Churn starts during the sales process. Every. 👏Single. 👏 Time. 👏

  1. Hunters need to take time to assess the potential costs associated with the client not resolving their issue and get the prospect to articulate the financial ramifications of leaving the problem unsolved. This sounds like:
    a. “What is the financial impact X problem is having on the business?”
    b. “How would that save/grow x,y,z”?
    c. “How would saving or growing x,y,z impact your revenue?”

  2. Sales reps need to set up expectations before the close, so the prospect understands what’s needed from them during implementation to be successful. This sounds like:
    a. What issues are you expecting to solve with our product/service?
    b. What are the success criteria for this initiative?
    c. How have other software implementations gone in the past? What’s worked well? What’s been a challenge?
    d. More on this in my other post here

  3. Sales reps cannot disappear post close - they must make a hot handoff through a phone call between the high-value client and the onboarding team or CSM.

What can you do to prevent churn?

  1. Set up a commission incentive structure for your sales reps - 50% commission at close and 50% commission when the customer reaches a milestone that is a leading indicator that the client is onboarded and set up for success.

  2. Take time to research and find what those implementation milestones and leading indicators are that equal success for your clients (more on this in the next blog post)

  3. Develop a referral program for customers. Ask yourself, what would the business look like if I ran it off 100% referrals?

  4. Identify your “High-touch”, “Mid-touch” and “Low-touch” clients and create three onboarding and implementation tracks for each. High touch will have a more personalized customer onboarding experience with walk-throughs and live trainings whilst mid and low touch may receive more onboarding pre-recorded videos and invites to live training webinars.

  5. Engage throughout the year with customer education by providing weekly/monthly webinars to train on the product or host thought-leaders to talk about a trending topic in your field.

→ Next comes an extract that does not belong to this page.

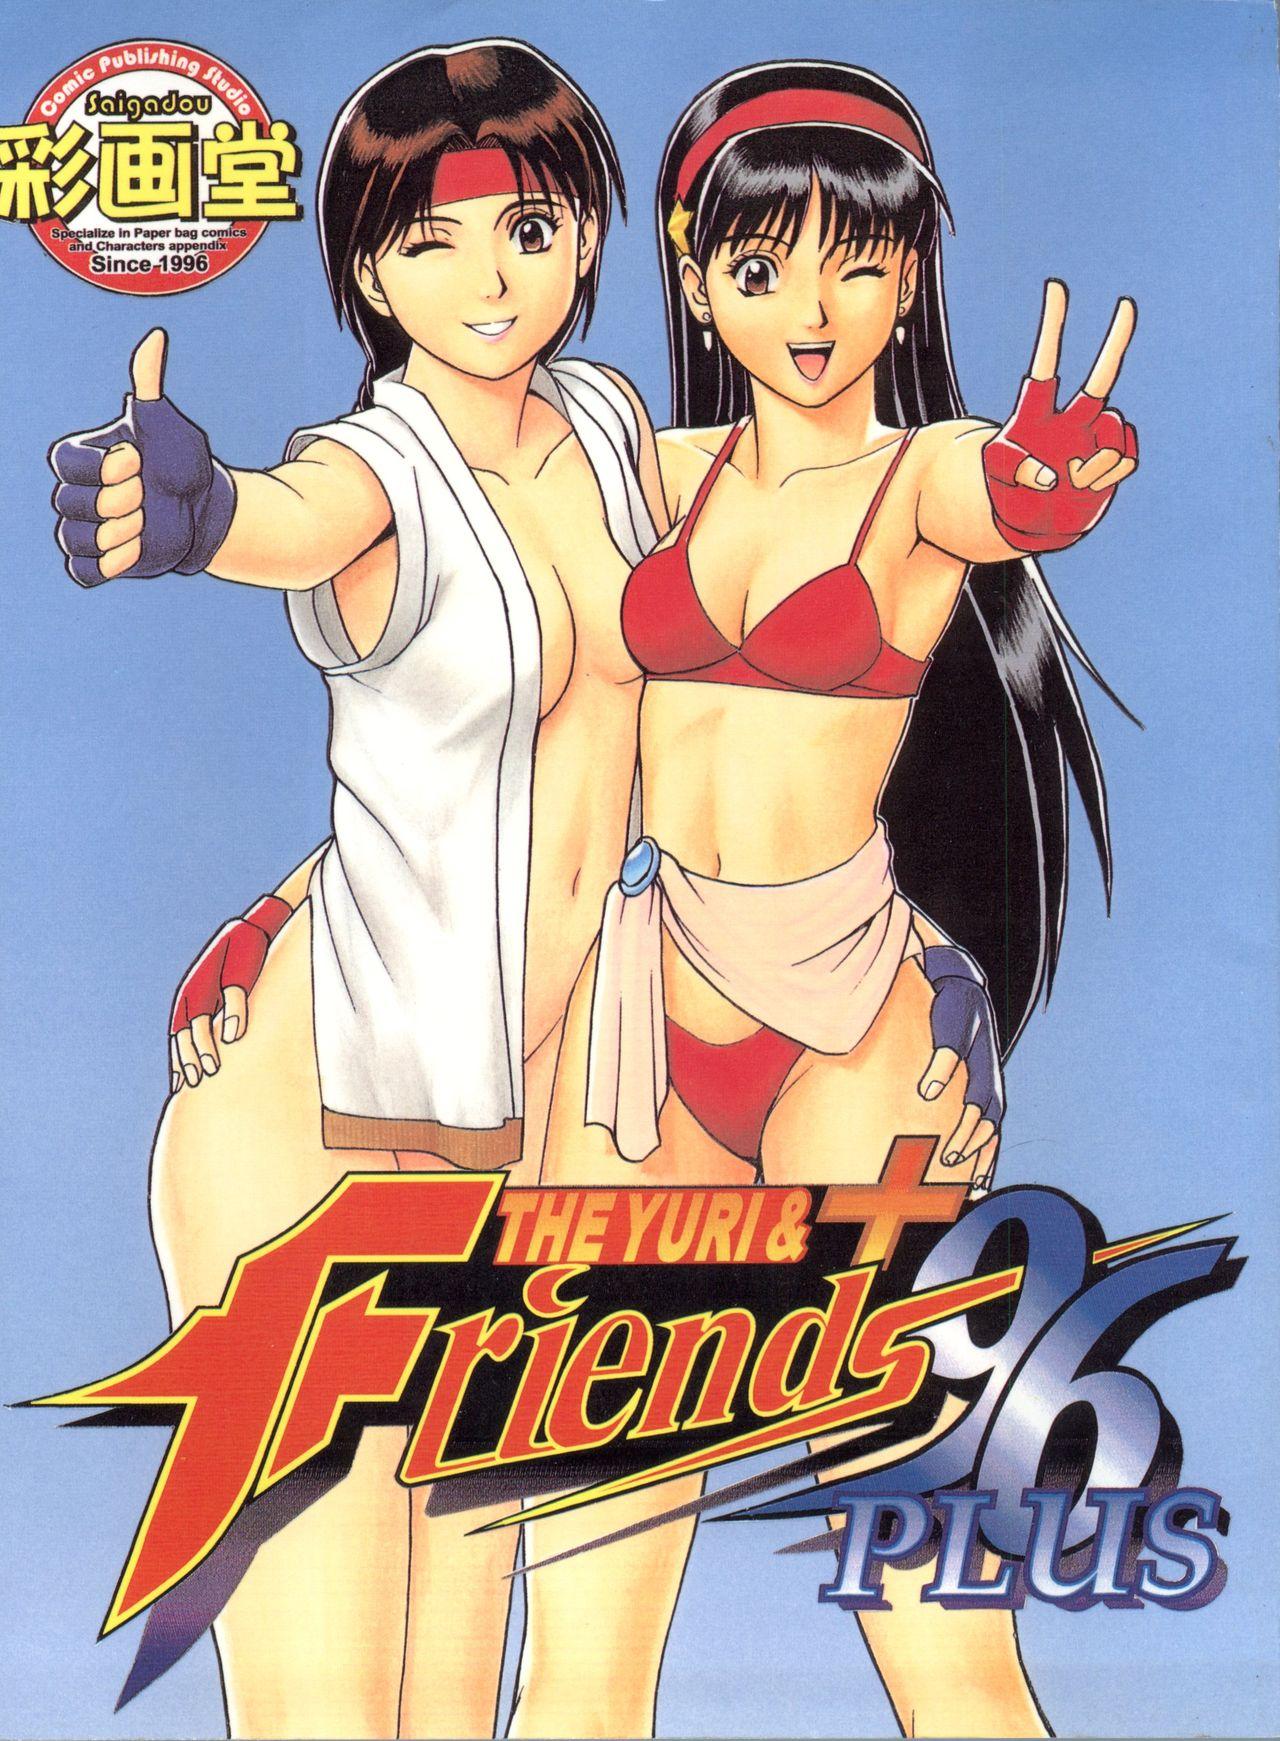 Pauzudo The Yuri&Friends '96 Plus - King of fighters Amante - Page 1

  6. Out of sight = out of mind! Utilize social media to engage with customers and stay relevant by contributing to the conversation as a thought leader and industry expert in the channels, groups, or chats where your customers live.

  7. Measure customer satisfaction to improve customer experience by conducting NPS surveys, collecting customer feedback, and using analytics to identify areas of improvement. Remember, a frustrated customer is still an engaged customer and can be saved! Take that seriously and listen to the feedback.

I stopped making New Year’s Resolutions a few years ago and now I come up with a word of the year. Professionally, I believe your word should be “Proactive”. Having a reactive customer strategy in 2023 is probably a losing strategy.